Out in the community, Davis says she found people looking for something different.

Even when her conversations with voters became challenging, Davis says she watched people – including some who began by “saying stuff that was pretty objectionable” – begin to think about law and order differently.

“A lot of people said no one is brave enough to have these conversations,” Davis says.

“I think people change their own minds. If you spend time listening and talking to people, that’s what happens. It doesn’t even have to be about convincing people, it doesn’t have to be a value-based conversation.

“[The campaign was] a combination of listening to people, acknowledging them, not shying away from difficult conversations – sometimes saying ‘absolutely things are not OK. It’s not OK for young people to run around with machetes’.

“But it also does not make sense to lock up young children with the idea of making us a safer community. There’s no evidence and it doesn’t work. It doesn’t work for any of us. It does not make any of us safer. In fact it makes all of us less safe.”

‘If you don’t spit, you don’t get a spit guard’

On Friday, the Northern Territory’s new chief minister, Lia Finocchiaro, was asked on ABC radio national about her promise to reintroduce spit hoods, a practice labelled “torture” by Amnesty International.

“We have a crime crisis in the territory and our frontline workers are being insulted at extraordinary level,” Finocchiaro said.

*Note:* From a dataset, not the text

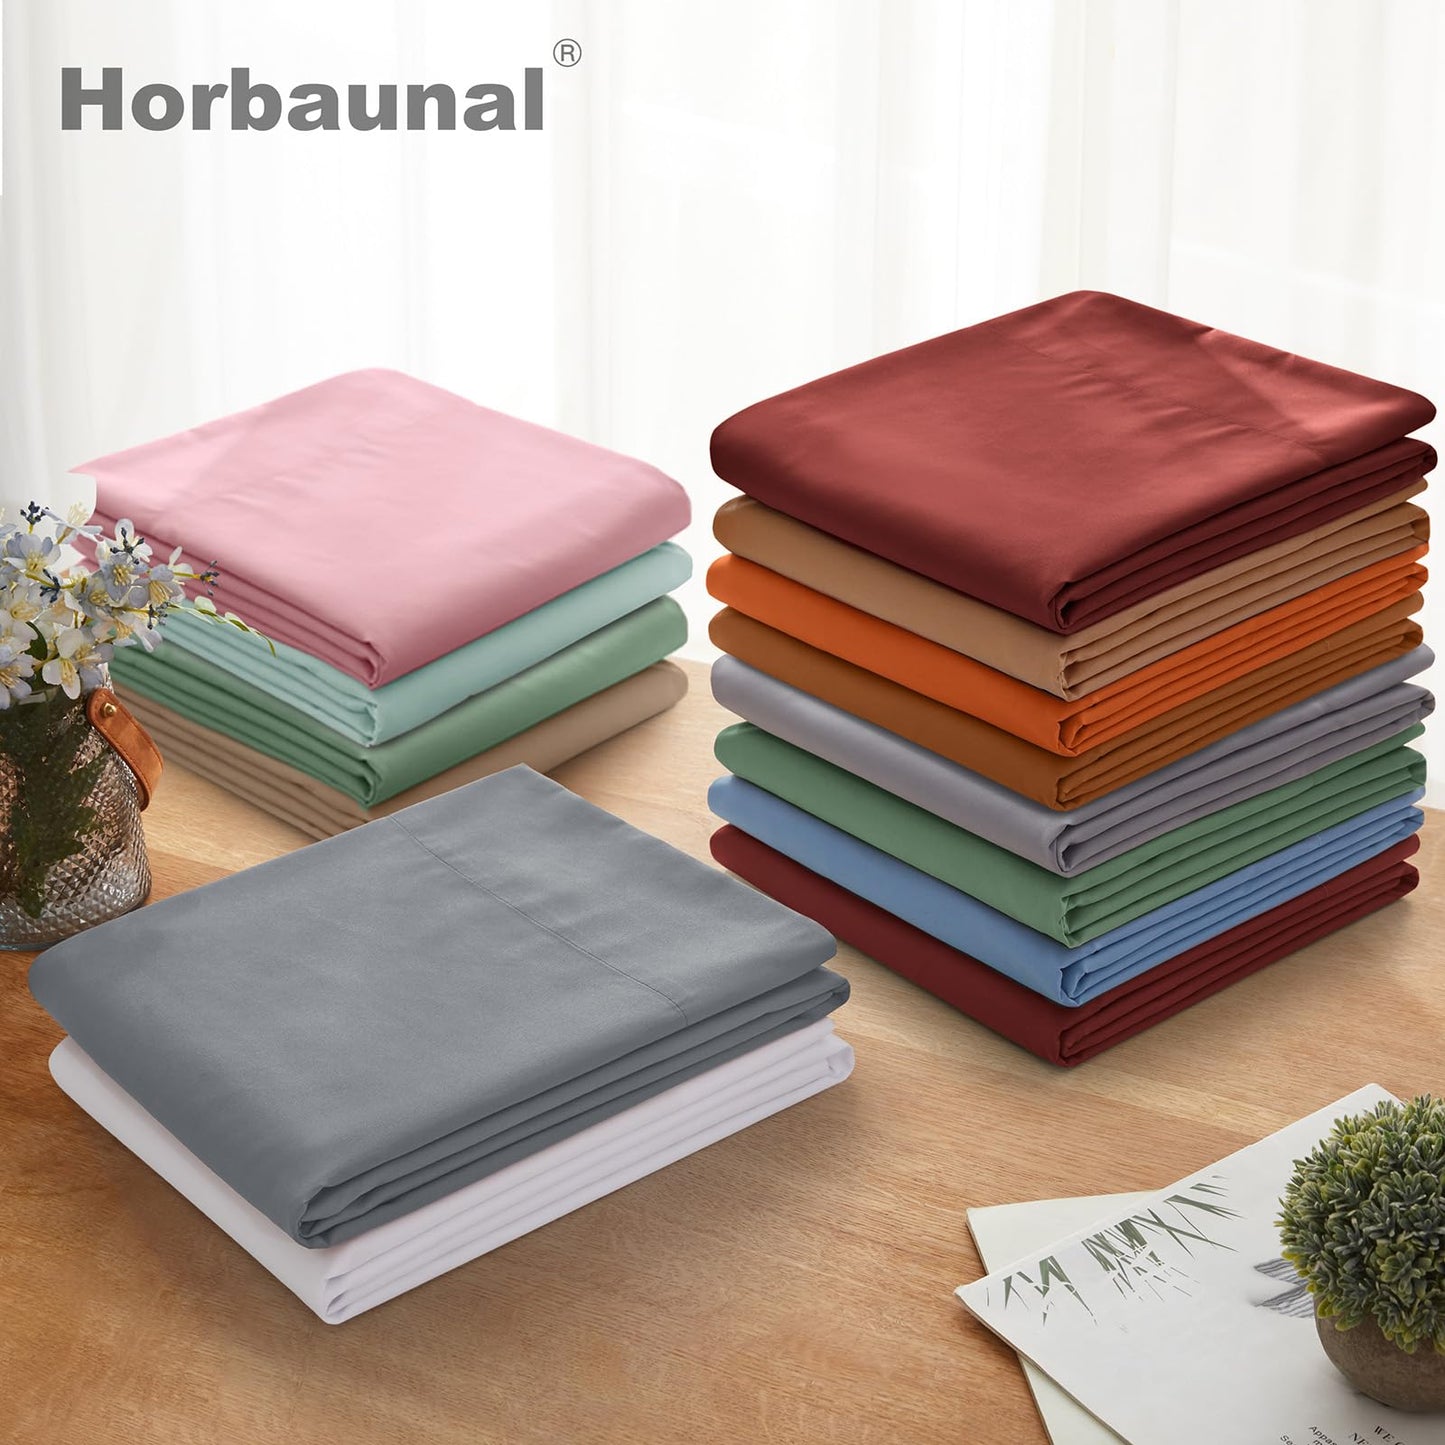 Horbaunal 2 Pack Full Flat Bed Sheets Only - 1800 Thread Count Microfiber Silver Grey Flat Sheet Only - Wrinkle Free & Ultra Soft Bed Top Sheets Full Size

“So the use of modern spit guards in this highly regulated environment provides an additional layer of protection for those people who’ve done the wrong thing and continue to make choices about dangerous and disgusting, degrading behaviour of spitting on frontline workers.

“If you don’t spit, you don’t get a spit guard.”

The comments came after Finocchiaro, on the night of the election, told supporters that “we will do whatever it takes to restore community safety”.

But Davis challenges the notion the CLP has a “mandate” to implement its law and order policies, particularly lowering the age of criminal responsibility.

“I think that’s fundamentally not true,” Davis says. “It’s oversimplifying what people are wanting.”

Her experience – and she says Labor politicians should take note elsewhere in the country – is that people concerned about crime are looking for leadership and genuine solutions.

“I think Labor got a really clear message [in the NT] that playing being conservative didn’t fly with people,” Davis says.

“That’s not what people want from a Labor party and the result shows that.

“There was a huge and pretty incredible swing towards progressive independents [in parts of Darwin], and that story hasn’t really been noticed properly.”

Davis says she doorknocked her entire electorate (which has 5,700 enrolled voters) twice during the campaign. Even among people who are “really angry” about the impact of crime, Davis says only “a tiny minority of people weren’t willing to be thoughtful and engaged about it”.

“In all of that [doorknocking] there were maybe two people who didn’t shift from thinking kids should be locked up and we should throw away the key,” she said.

“That made me really hopeful.

“There’s this idea that the community has the answers and the reality is they don’t. They know what the problem is. It’s your job to listen to the community, take it onboard and then lead.

“[Voters] want someone who has conviction, who they think is not just waffle. I wanted to have broad appeal, but I couldn’t have no conviction.”